Satan’s diving bottle

Eastern Massif, Picos de Europa, Northern Spain

Satan’s diving bottle

So when I talked in the last post about the diving bottle filled with the heavist gas known to man, I lied, today’s diving bottle was filled with an even heavier gas…

Plan today was for madPhil and Dave to take a bag of rope and rig all the down pitches to Consort Hall, the location of the main underground camp. At the same time, myself and Derek would bring the next diving bottle through the entrance series, picking up the original one on route and depositing them both at the top of Boulder Hall.

As most of my caving equipment was already down at the entrance to Nacimiento, a very quick pack should have occurred, but a lot of faffing occurred trying to get the diving bottle into a comfortable position on my back. Lunch hastily prepared, something to look forward to today, a tin of sardines and a half chewed salami.

Walk down to the cave not too bad today, borrowing a couple of walking poles to ease the pressure on my knee. No sign of the others on arrival at the entrance, so a quick change and we crossed the canal with the bottle and some small bags.

Nearly a disaster when the metal ring on the tackle sack come off nearly sending the diving tank and me through Derek and back into the canal. Changed over to a better bag, picked up first aid kit and stove destined for the camp and set off.

This time round lugging the diving bottle was considerably harder work. Each pull and push on the bag was accompanied by a grunt and an unrepeatable expletive. It was if the bag was nailed to the floor.

Eventually we slowly made our way through the entrance series and up toward the start of the Ramp.

Lunch was a sorry affair with the main excitement being when I opened the tin of mackeral and sprayed fishy tomato sauce all over my face.

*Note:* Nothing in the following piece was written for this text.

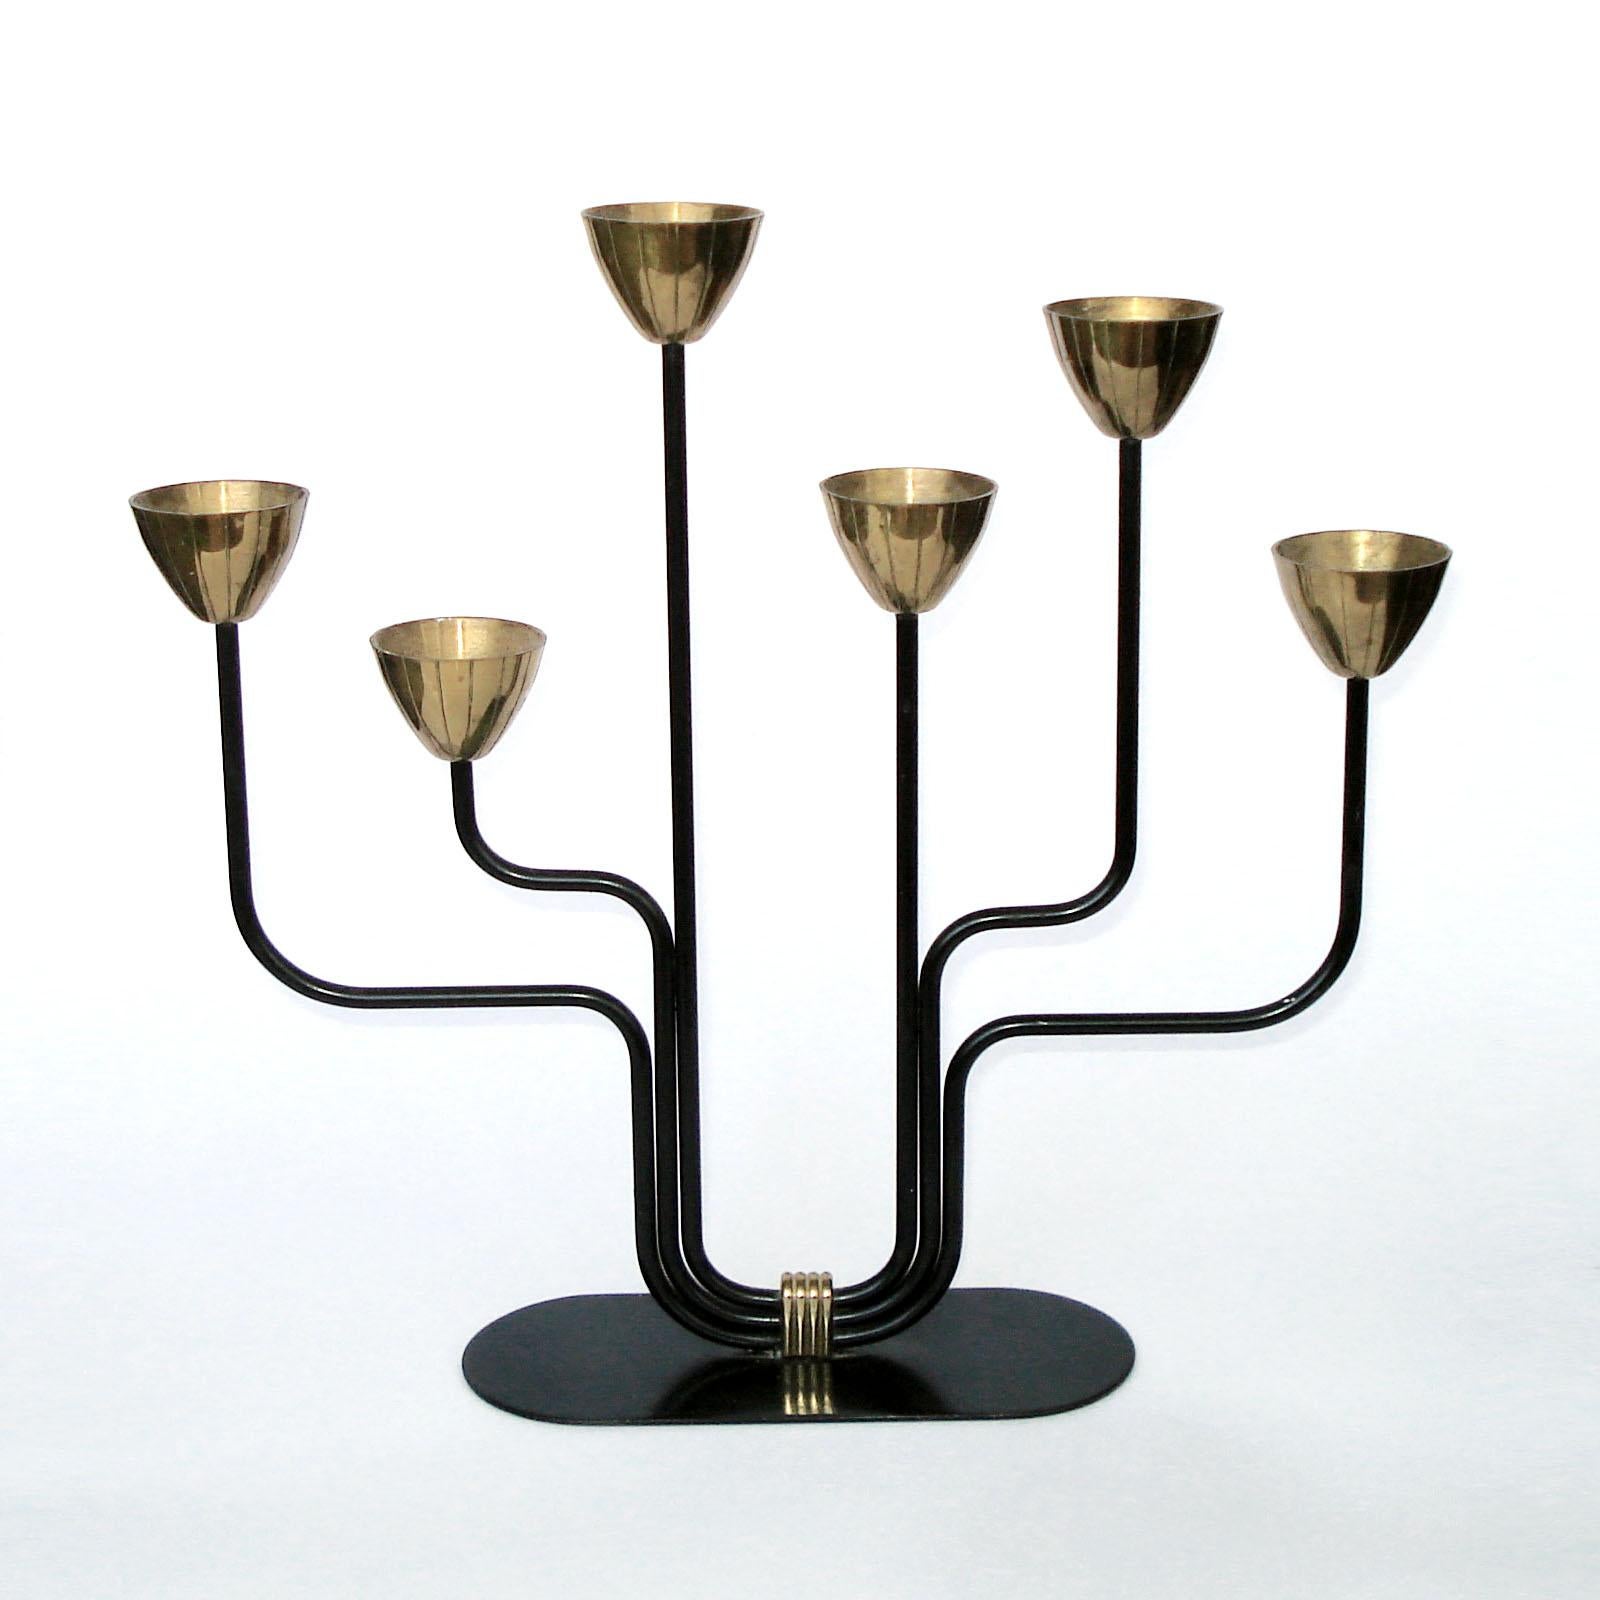 Kandelaber aus Messing und geschwärztem Metall für dünne Kerzen. Entworfen von Gunnar Ander für Ystad Metall Schweden. Gestempelt

Spent the rest of the trip smelling of fish.

The Ramp is a 100m 45 degree angle muddy slope. The intention was to pick up the original dive bottle here, but as luck would have it, it had gone. Hope was shortlived as it was at the top of the ramp now, having been moved by madPhil and Dave.

Easy going to Boulder Hall, where we took the bottles up to the top of the chamber, and pulled them up a short climb into Brian Baru’s place. I had hoped to get them just slightly further to the top of the main pitch, but an awkward muddy climb was impossible for me to get up without some form of protection.

Bottles deposited we started to make our way back down Boulder Hall, about half way down I spotted another slope heading off and had a quick poke up it. It lead to a series of interconnected chambers and passages, quite extensive with a lot of formations. I headed down a rather steep slope, around 10m, and dropped off the end. Looking back up it, and being on my own now, a slight moment of concern when I realised I might not be able to get back up. I was down anyway so I had a quick look round, no obvious way on and no draft, so I headed back to the climb. Derek appeared at the top of the climb and probably sat trying not to laugh, as I did my best Spiderman impression, trying to cram myself into one side of the climb and wiggle up the side of the climb. Eventually I reached the top and breathed a small sigh of relief, that could have been quite embarrassing and I had already eaten my emergency chocolate bar.

We carried on back towards the entrance to finish off a little bit more of the depth readings for Derek and we exited the cave.

Trip back up the hill was slow, with horseflies being the source of further swearing. By far the most evil of sciences creation, after Martin’s diving bottle.

 

MadPhil and Dave returned back to the bunkhouse later, with news that cave rigged as far as Consort Hall now. A couple of pitches had to be re-rigged, as the rope had been mistakenly removed last year. Good news was the sump part way through the cave had not filled again, and was at the same level as last year.